What needs to be done: In the records that follow, find the line containing "Vintage Victorian style" and the line containing "Photo of woman", then transcribe both and every line between them exactly, omitting pictures.

Excerpted records:
=== Begin Enclosure ===

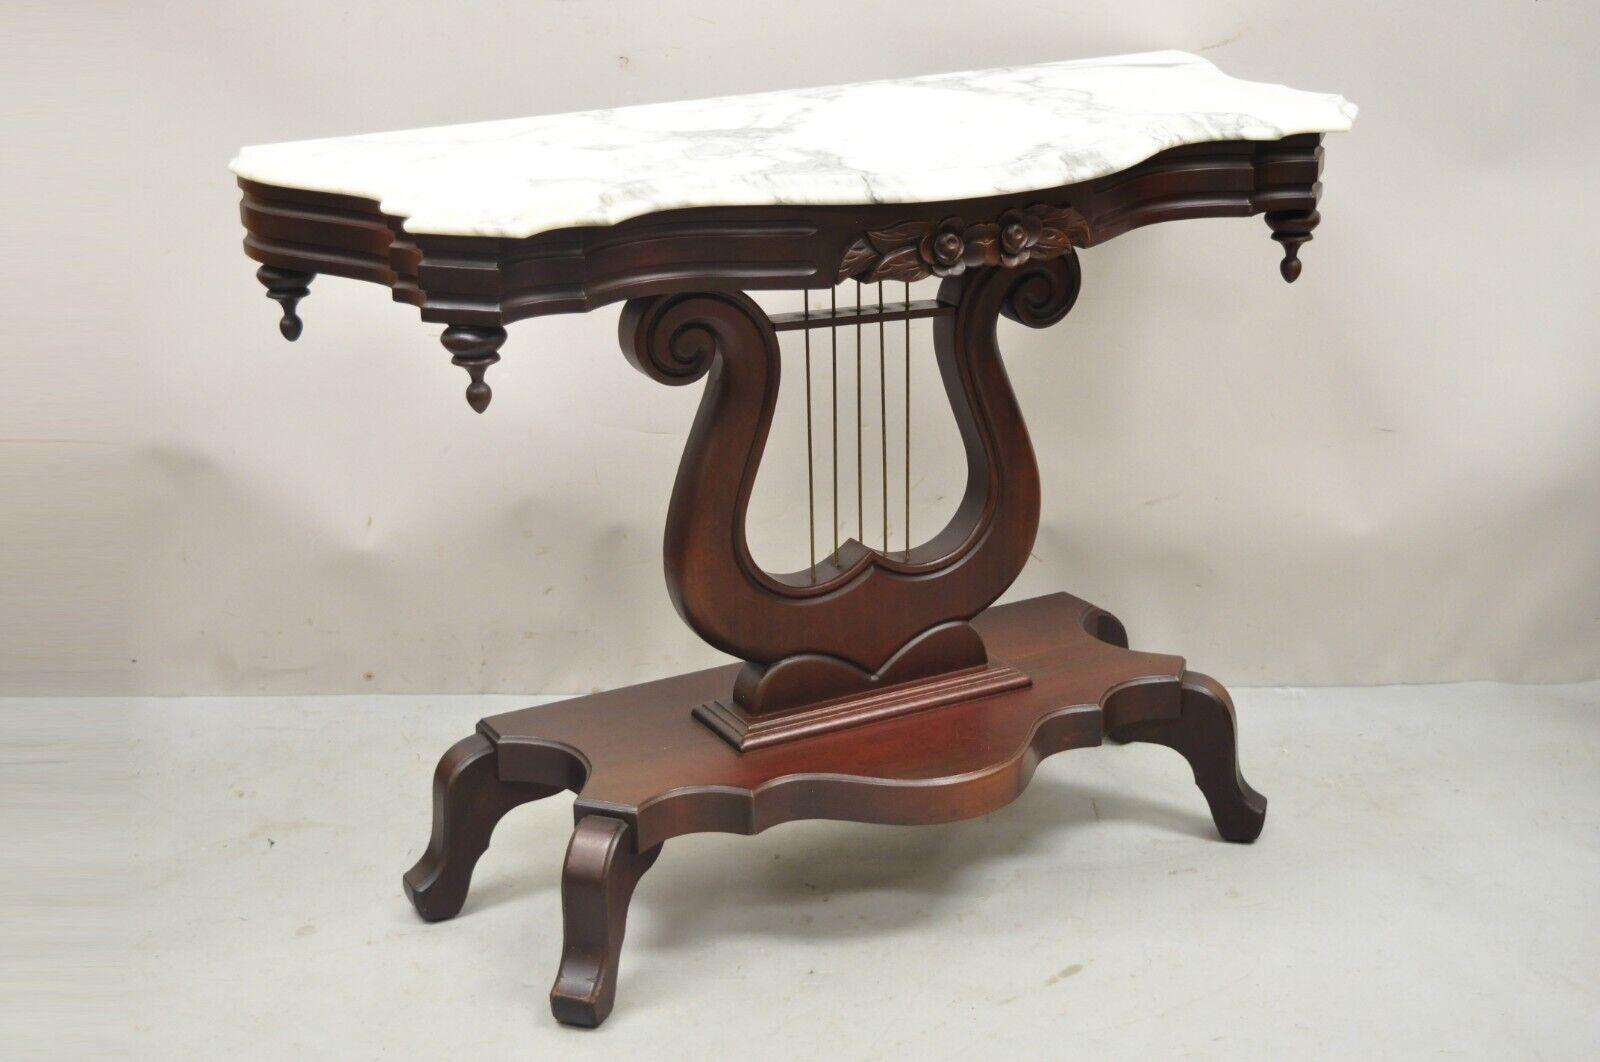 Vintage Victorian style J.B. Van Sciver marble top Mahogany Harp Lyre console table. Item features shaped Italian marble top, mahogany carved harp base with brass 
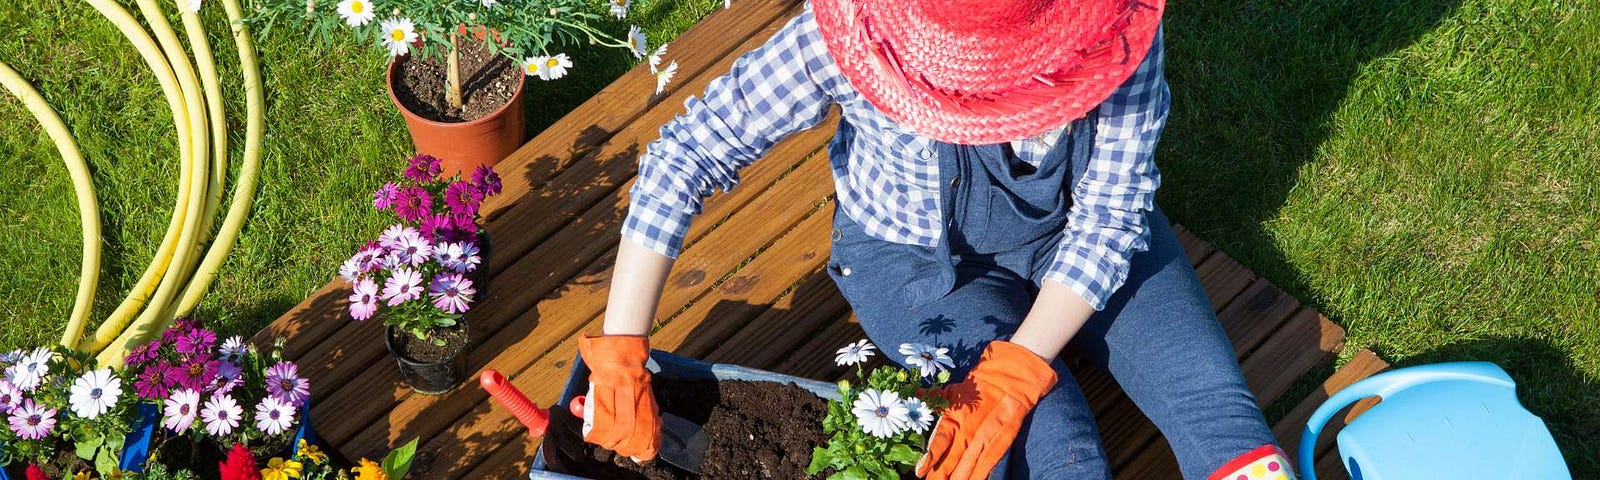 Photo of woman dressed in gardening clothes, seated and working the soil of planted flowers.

=== End Enclosure ===
=== Begin Enclosure ===

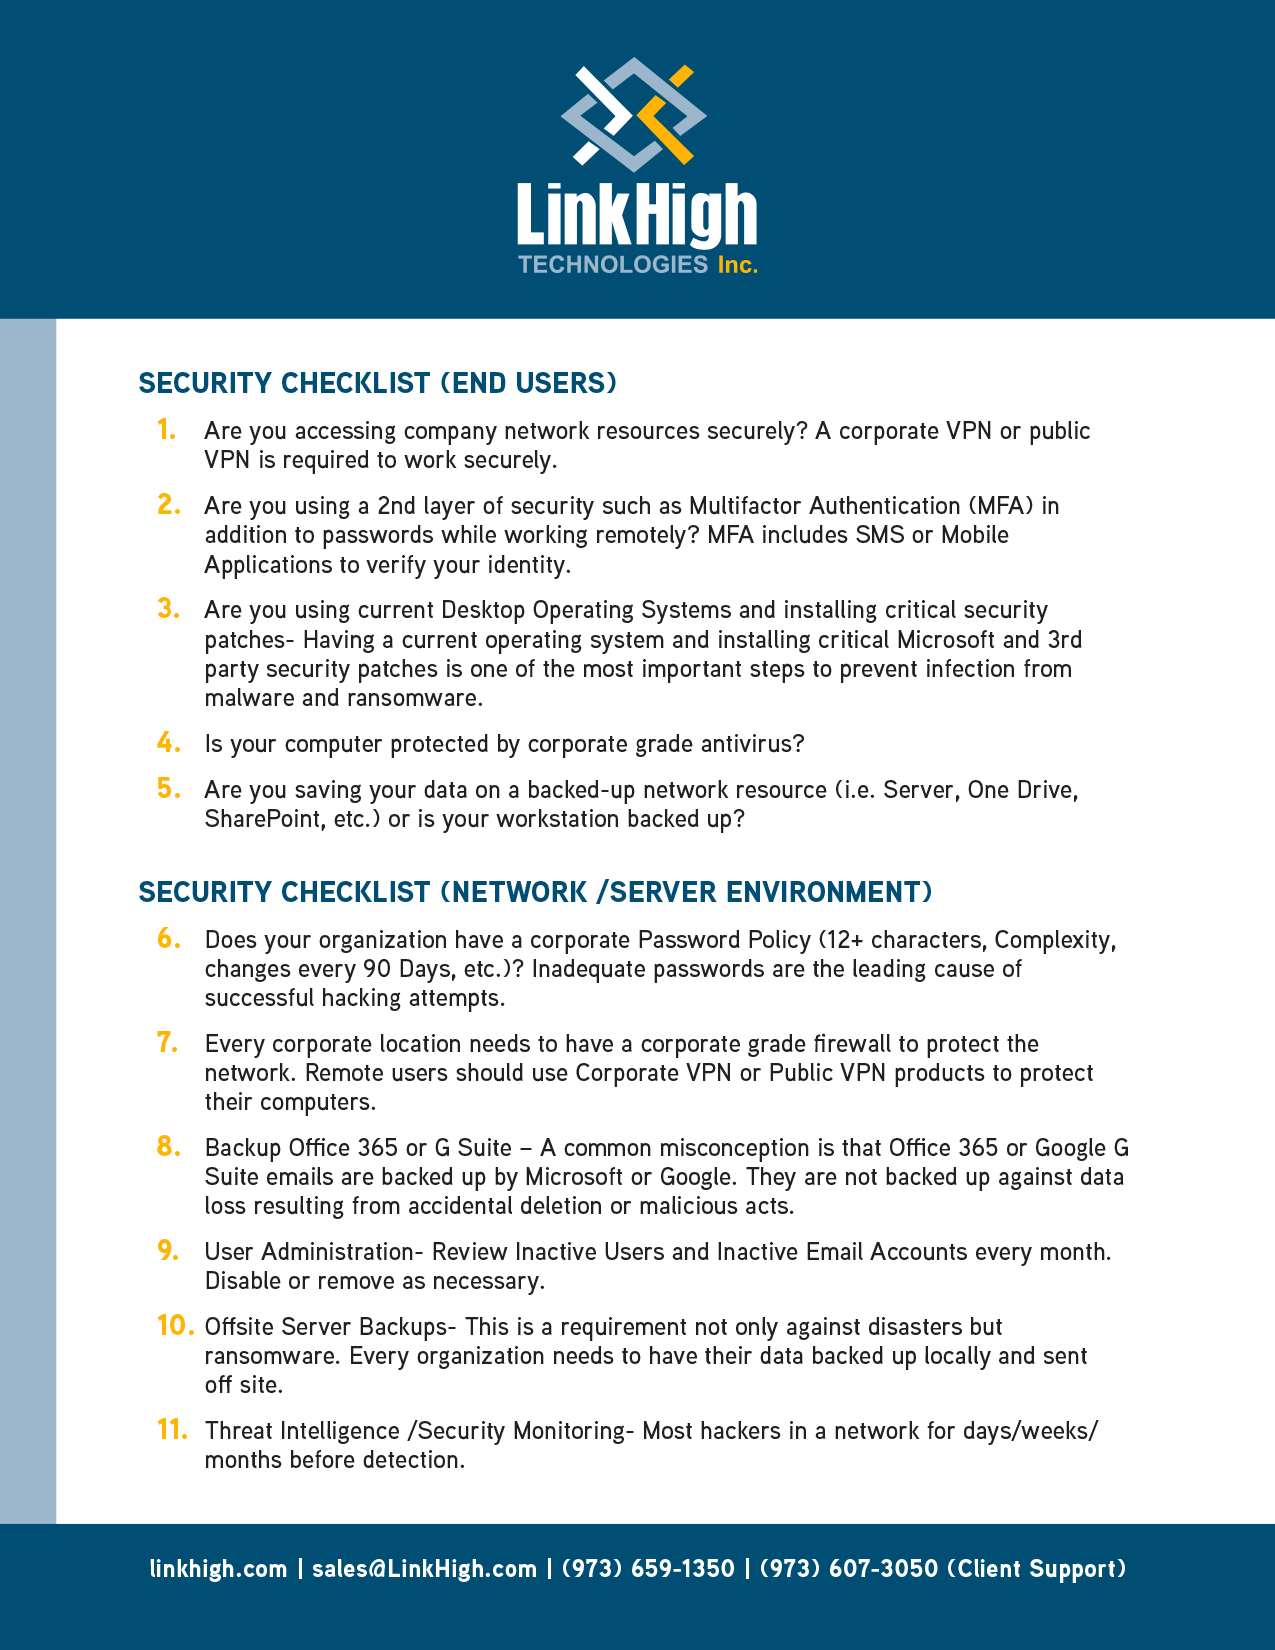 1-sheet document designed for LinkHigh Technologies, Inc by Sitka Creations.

=== End Enclosure ===
=== Begin Enclosure ===

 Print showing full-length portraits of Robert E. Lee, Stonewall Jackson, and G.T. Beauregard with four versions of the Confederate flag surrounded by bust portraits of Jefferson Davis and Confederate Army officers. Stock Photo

=== End Enclosure ===

Completed task:
 Vintage Victorian style J.B. Van Sciver marble top Mahogany Harp Lyre console table. Item features shaped Italian marble top, mahogany carved harp base with brass 
 Photo of woman dressed in gardening clothes, seated and working the soil of planted flowers.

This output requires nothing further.